What the task requires ▸ Wherever a picture appears, skip it and retype the rest of the data exactly.

Dataset content ▸
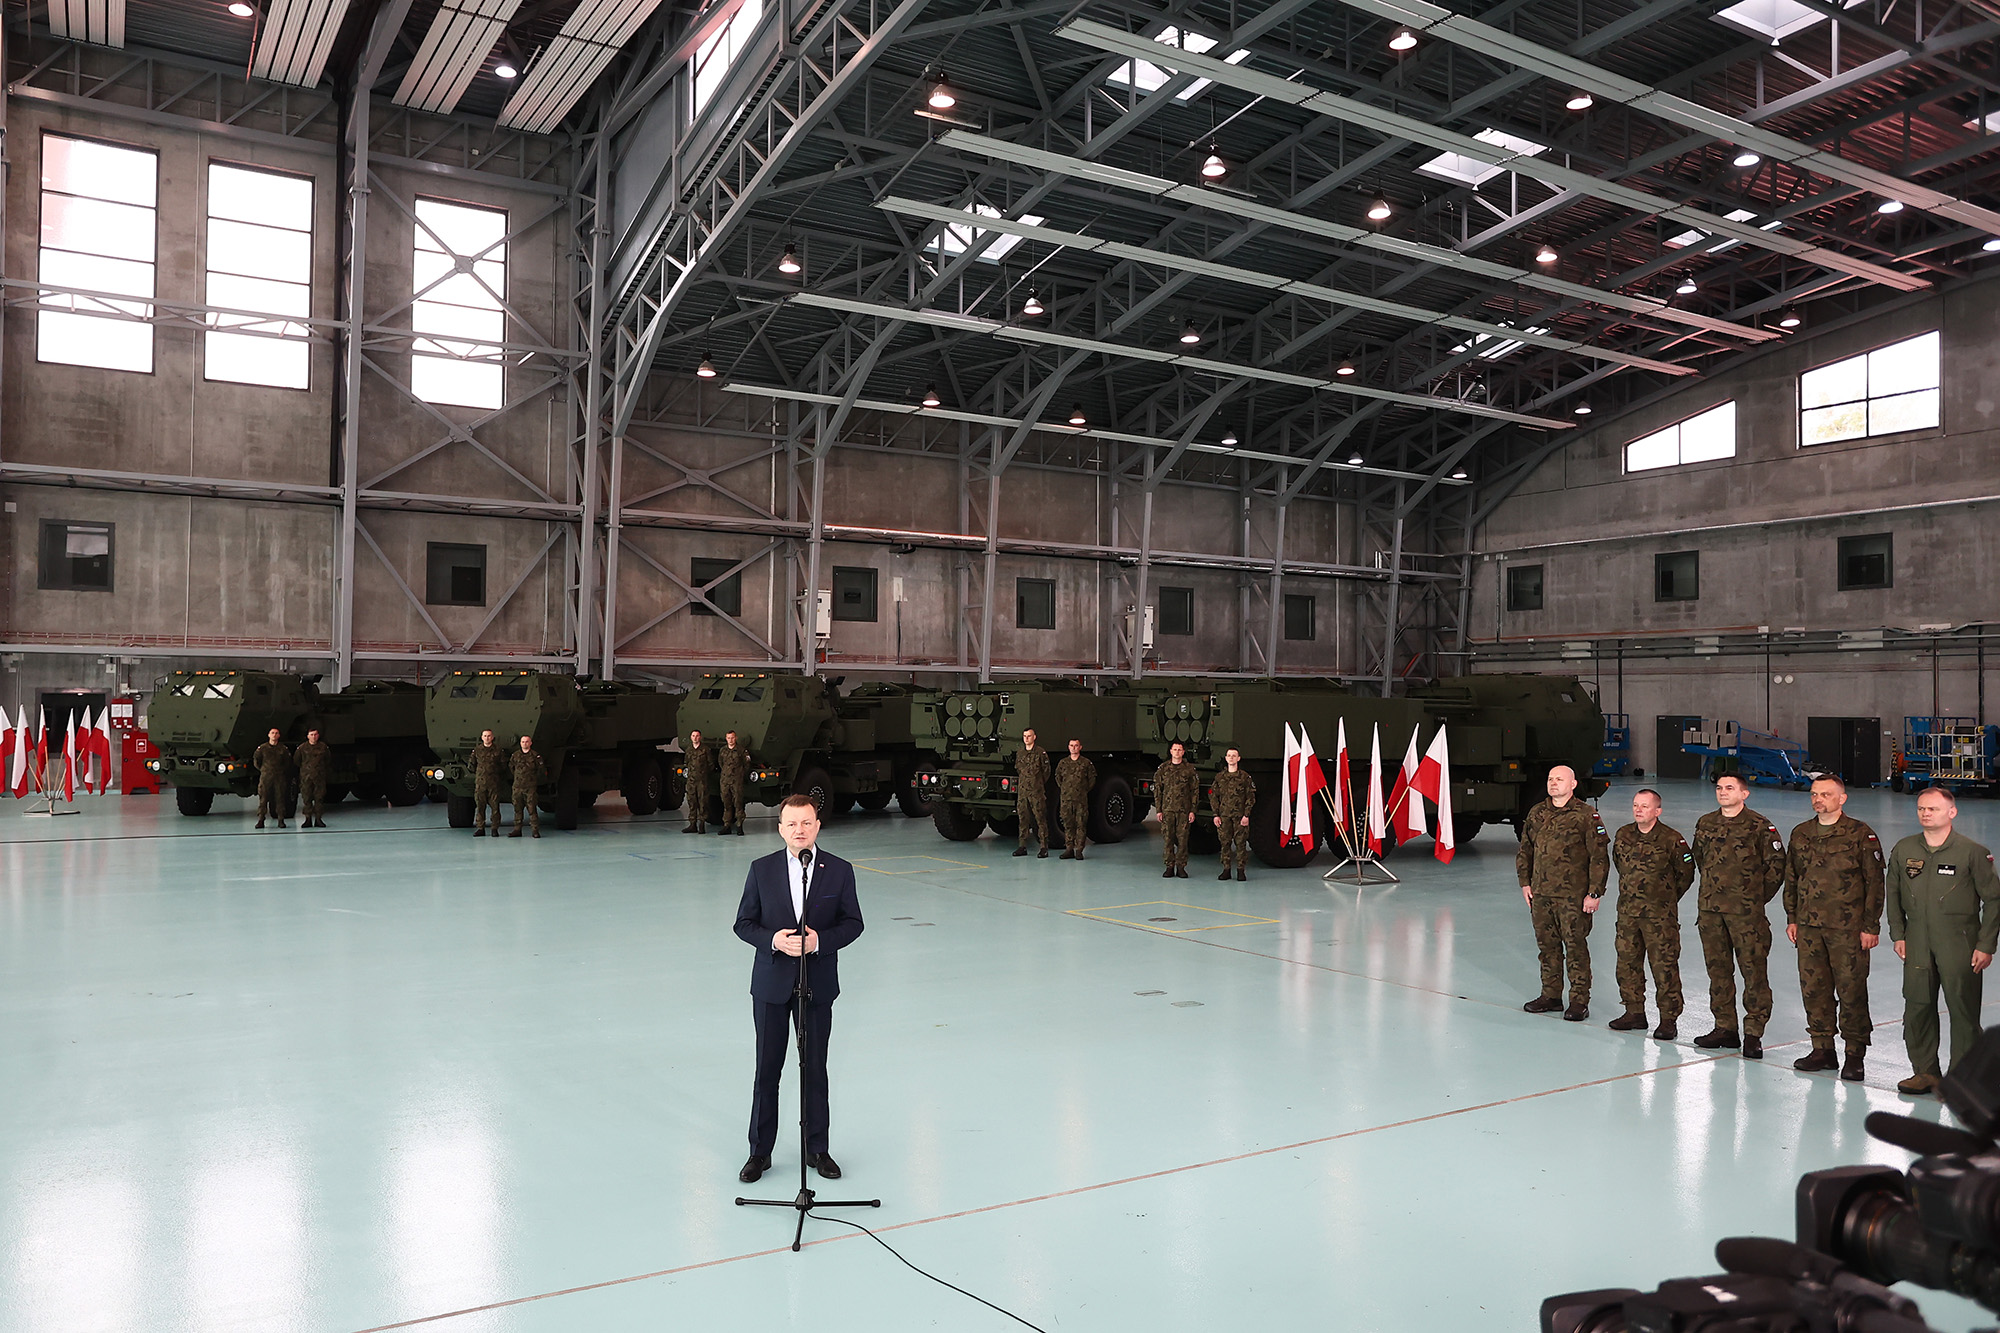 Poland's Deputy Prime Minister and Defense Minister Mariusz Blaszczak speaks during the presentation of the newly delivered M142 HIMARS rocket launch system in Warsaw, Poland on May 15.
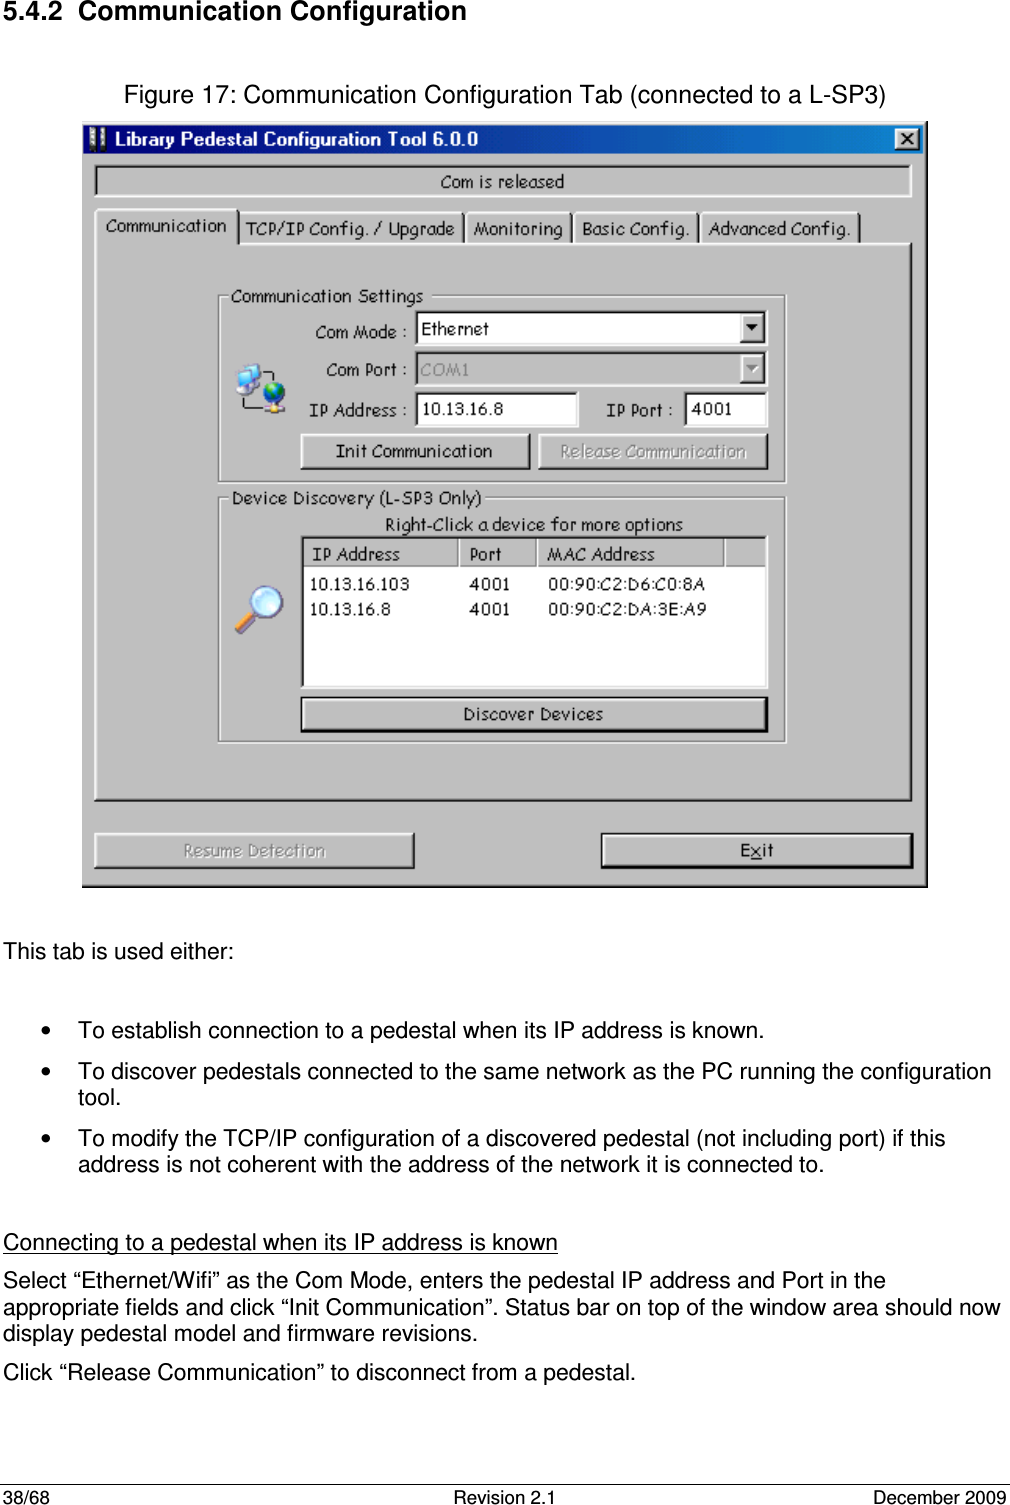  38/68  Revision 2.1  December 2009  5.4.2  Communication Configuration  Figure 17: Communication Configuration Tab (connected to a L-SP3)   This tab is used either:  •  To establish connection to a pedestal when its IP address is known. •  To discover pedestals connected to the same network as the PC running the configuration tool. •  To modify the TCP/IP configuration of a discovered pedestal (not including port) if this address is not coherent with the address of the network it is connected to.  Connecting to a pedestal when its IP address is known Select “Ethernet/Wifi” as the Com Mode, enters the pedestal IP address and Port in the appropriate fields and click “Init Communication”. Status bar on top of the window area should now display pedestal model and firmware revisions. Click “Release Communication” to disconnect from a pedestal. 
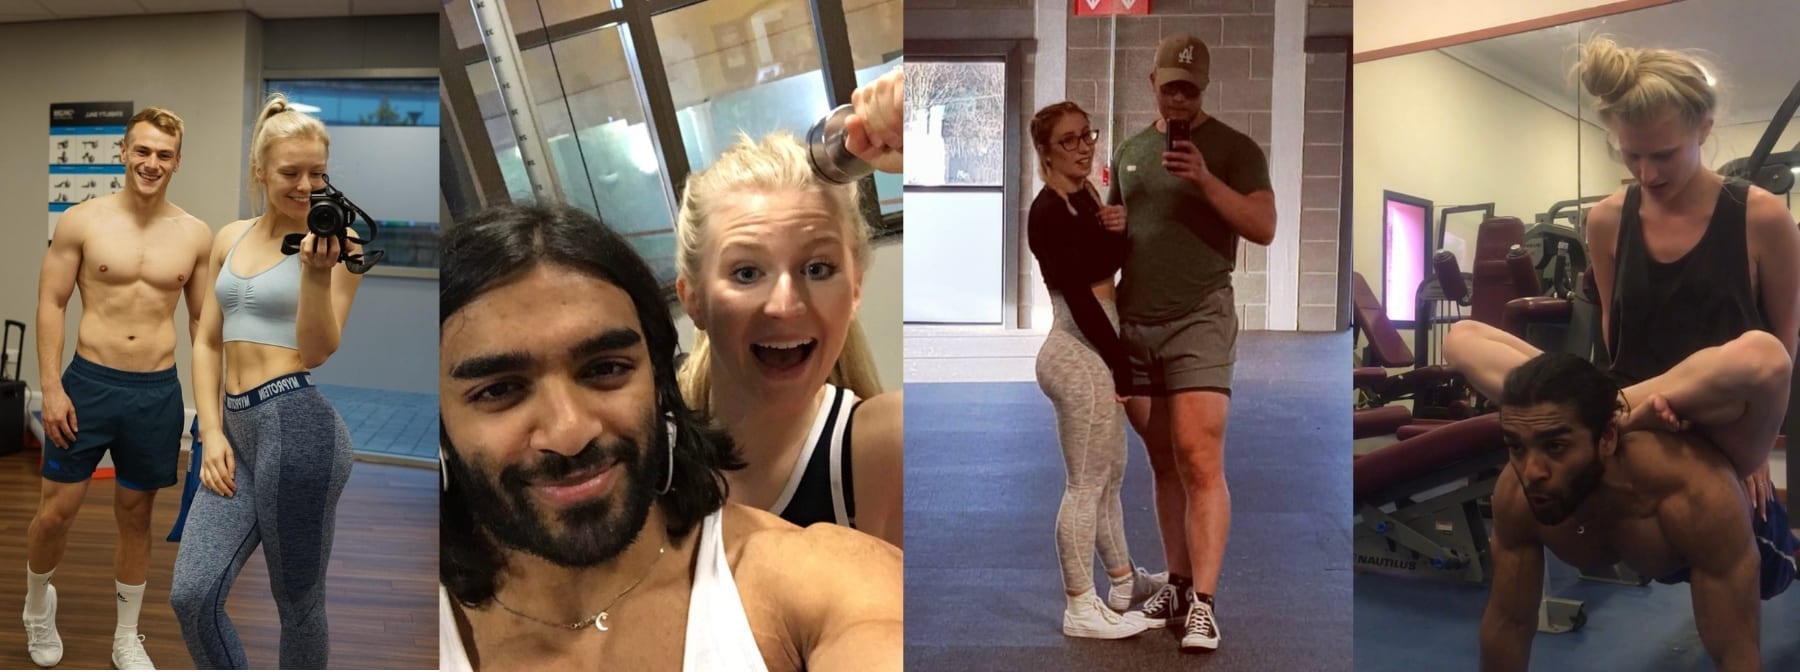 8 Gym Romance Fails That Will Make You Cringe This Valentine’s Day

Task answer ▸
 Poland's Deputy Prime Minister and Defense Minister Mariusz Blaszczak speaks during the presentation of the newly delivered M142 HIMARS rocket launch system in Warsaw, Poland on May 15.
  38/68  Revision 2.1  December 2009  5.4.2  Communication Configuration  Figure 17: Communication Configuration Tab (connected to a L-SP3)   This tab is used either:  •  To establish connection to a pedestal when its IP address is known. •  To discover pedestals connected to the same network as the PC running the configuration tool. •  To modify the TCP/IP configuration of a discovered pedestal (not including port) if this address is not coherent with the address of the network it is connected to.  Connecting to a pedestal when its IP address is known Select “Ethernet/Wifi” as the Com Mode, enters the pedestal IP address and Port in the appropriate fields and click “Init Communication”. Status bar on top of the window area should now display pedestal model and firmware revisions. Click “Release Communication” to disconnect from a pedestal. 
 8 Gym Romance Fails That Will Make You Cringe This Valentine’s Day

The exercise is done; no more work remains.